··· Exercise data ···
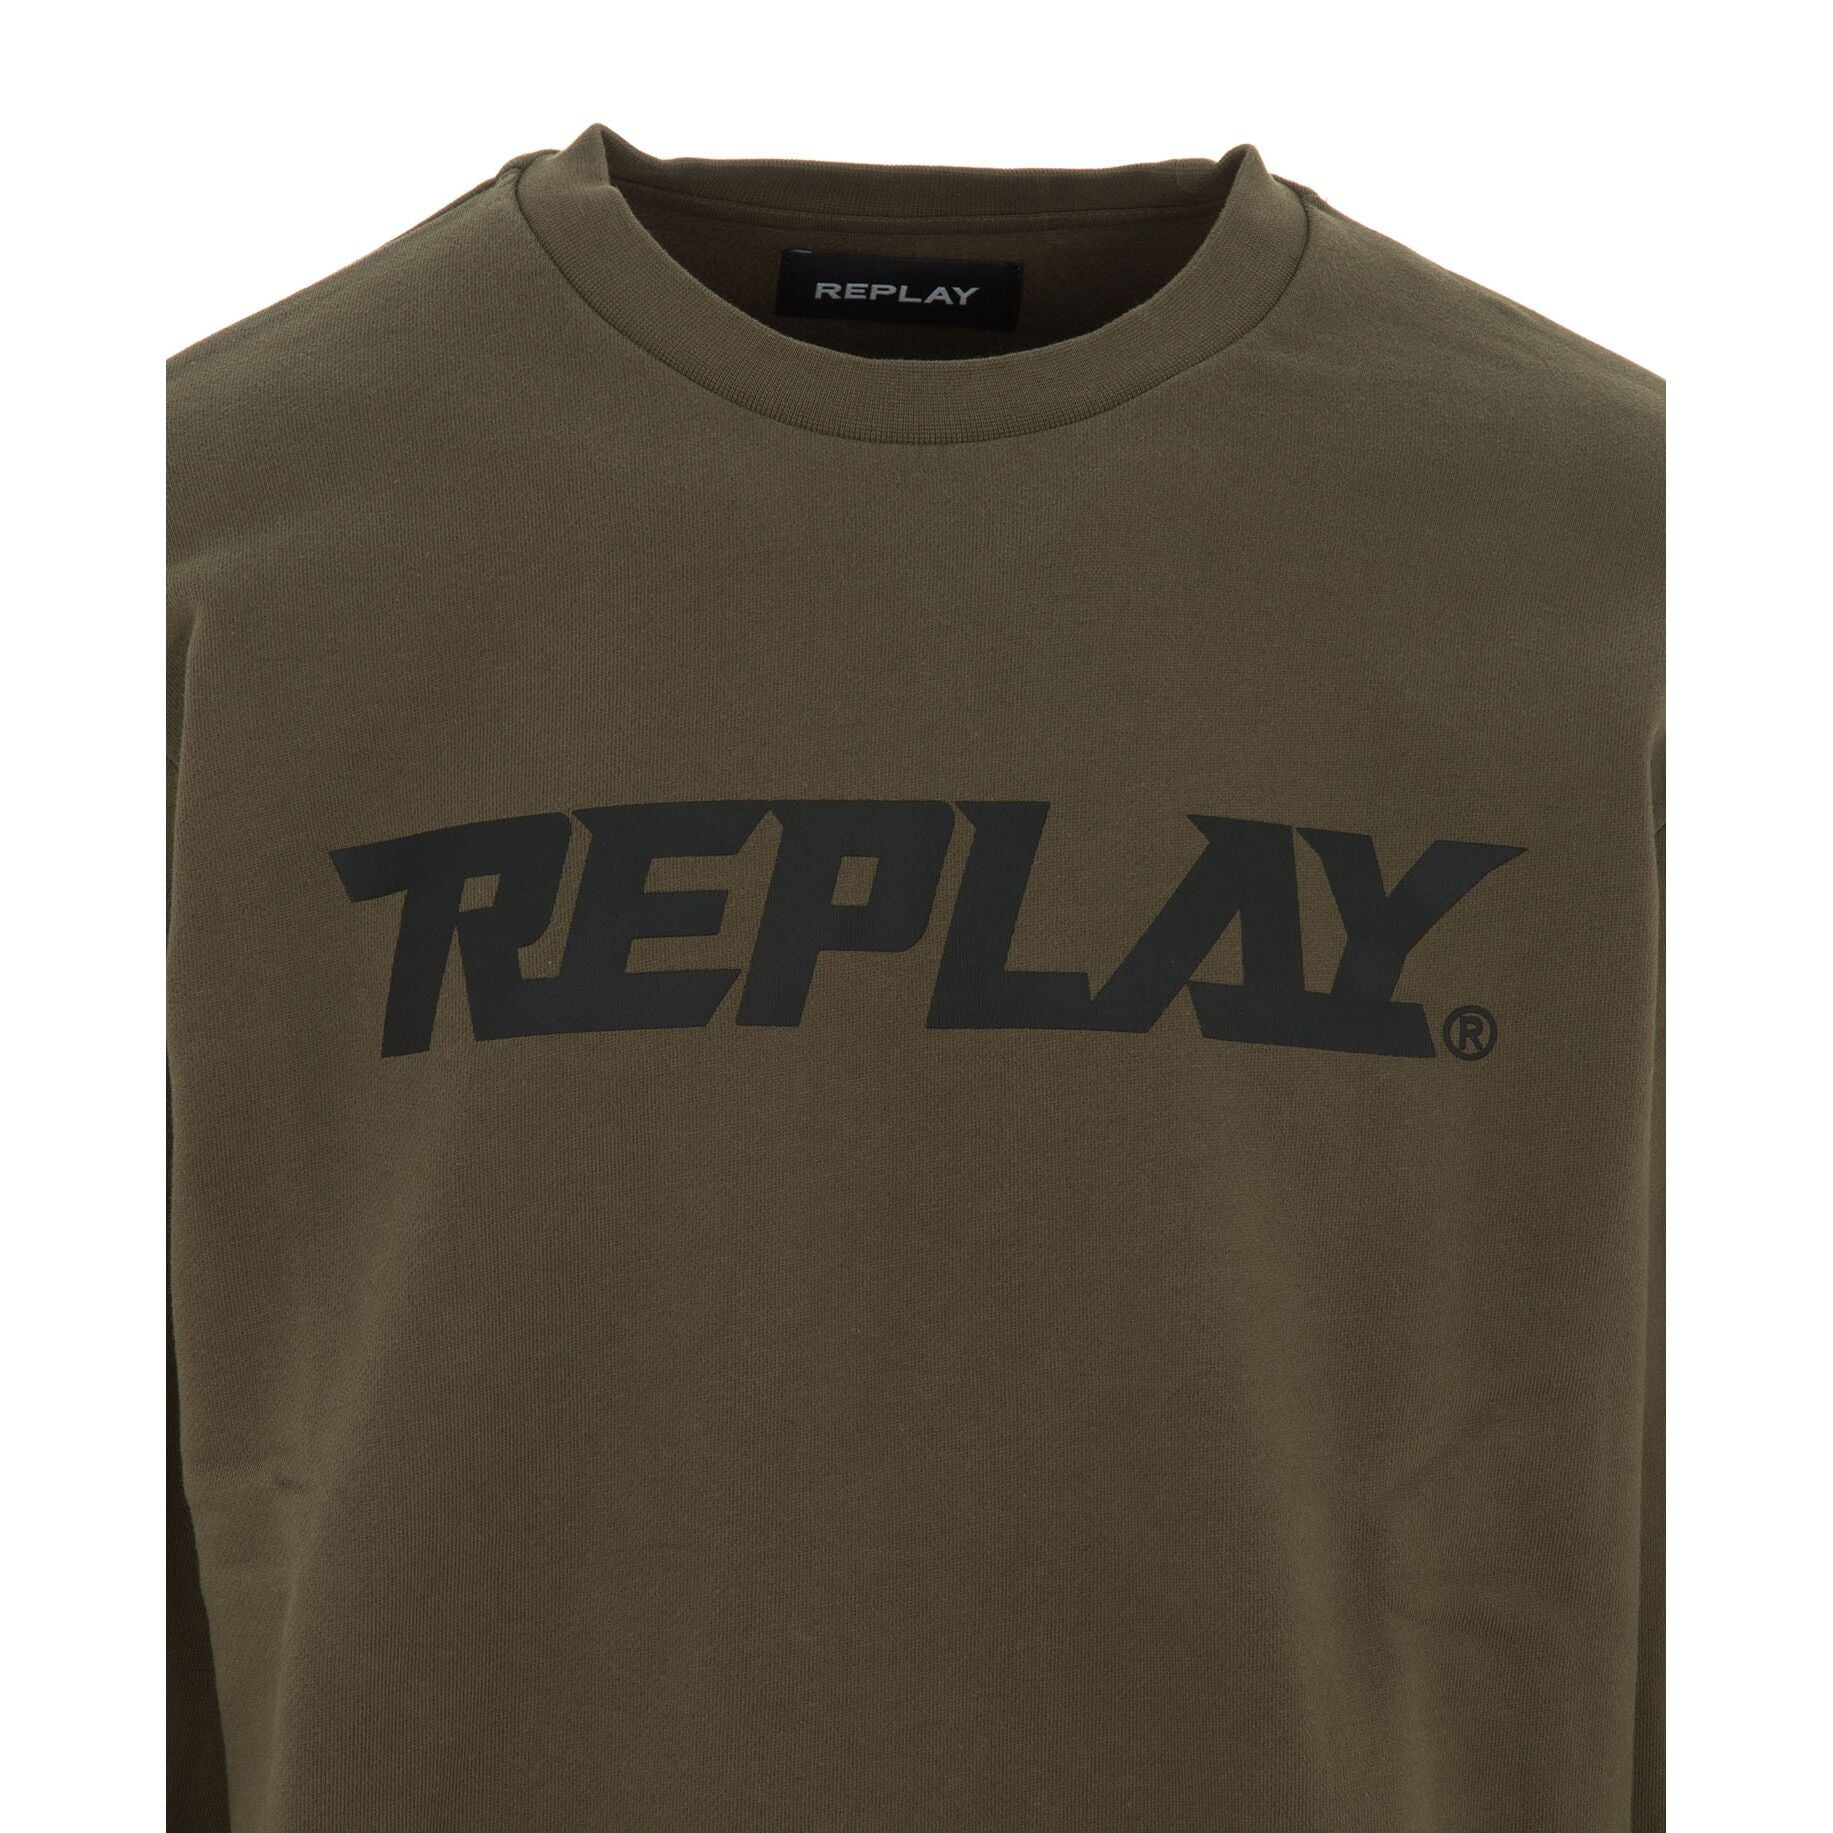 Replay M6705 21842 Sweat Top 928 Olive
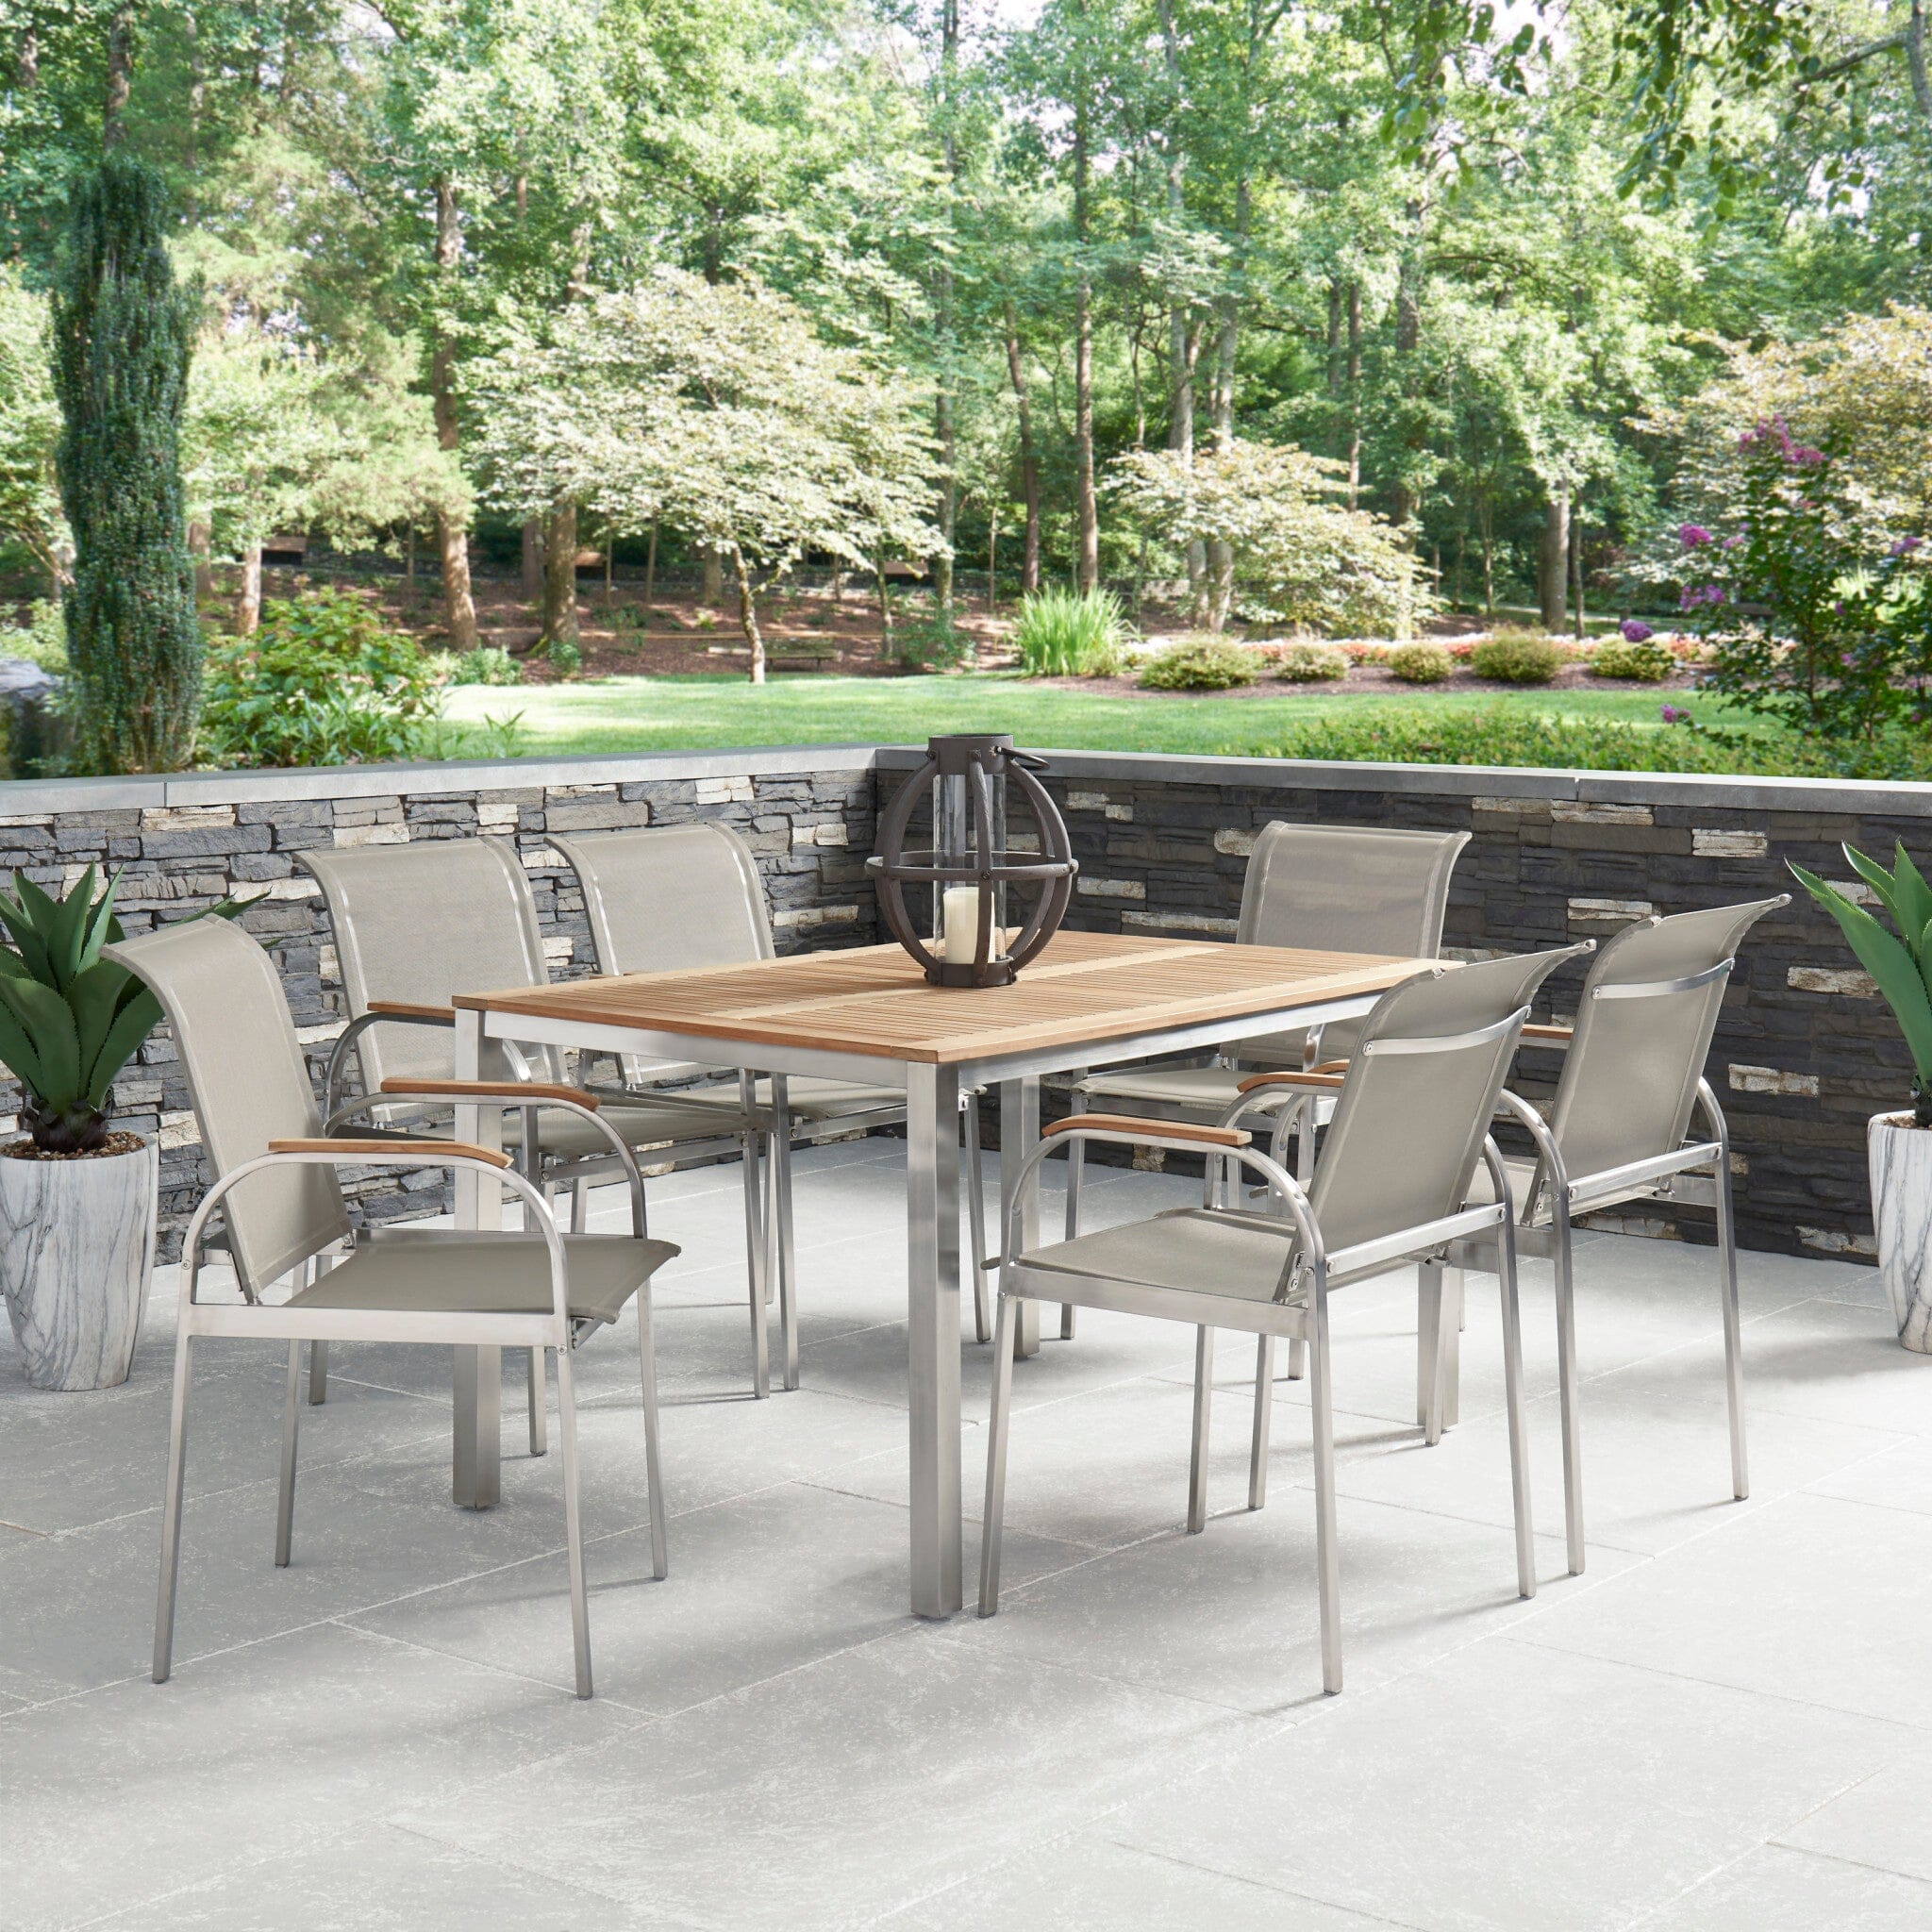 Traditional Outdoor Dining Table By Aruba Outdoor Dining Aruba
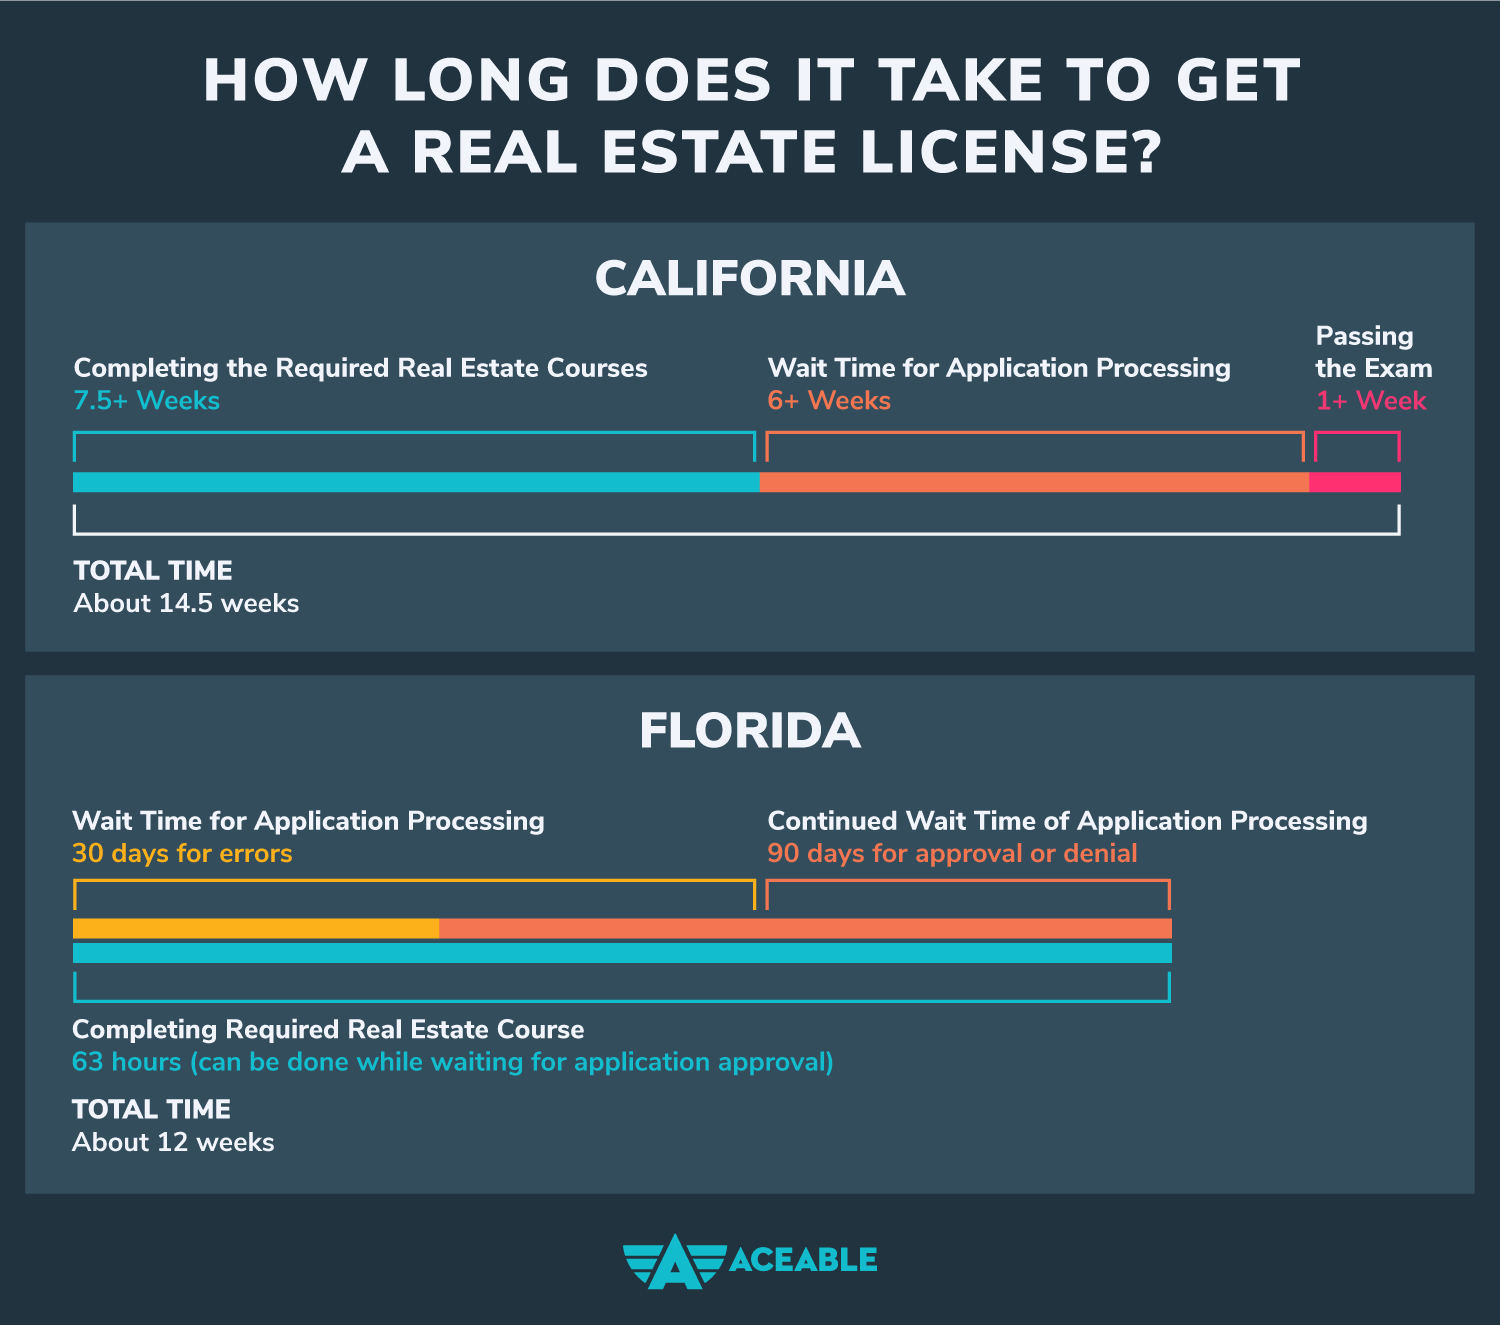 How long does it take to get a real estate license?
···
Everything in the data except the pictures must appear in your answer unchanged.

 Replay M6705 21842 Sweat Top 928 Olive
 Traditional Outdoor Dining Table By Aruba Outdoor Dining Aruba
 How long does it take to get a real estate license?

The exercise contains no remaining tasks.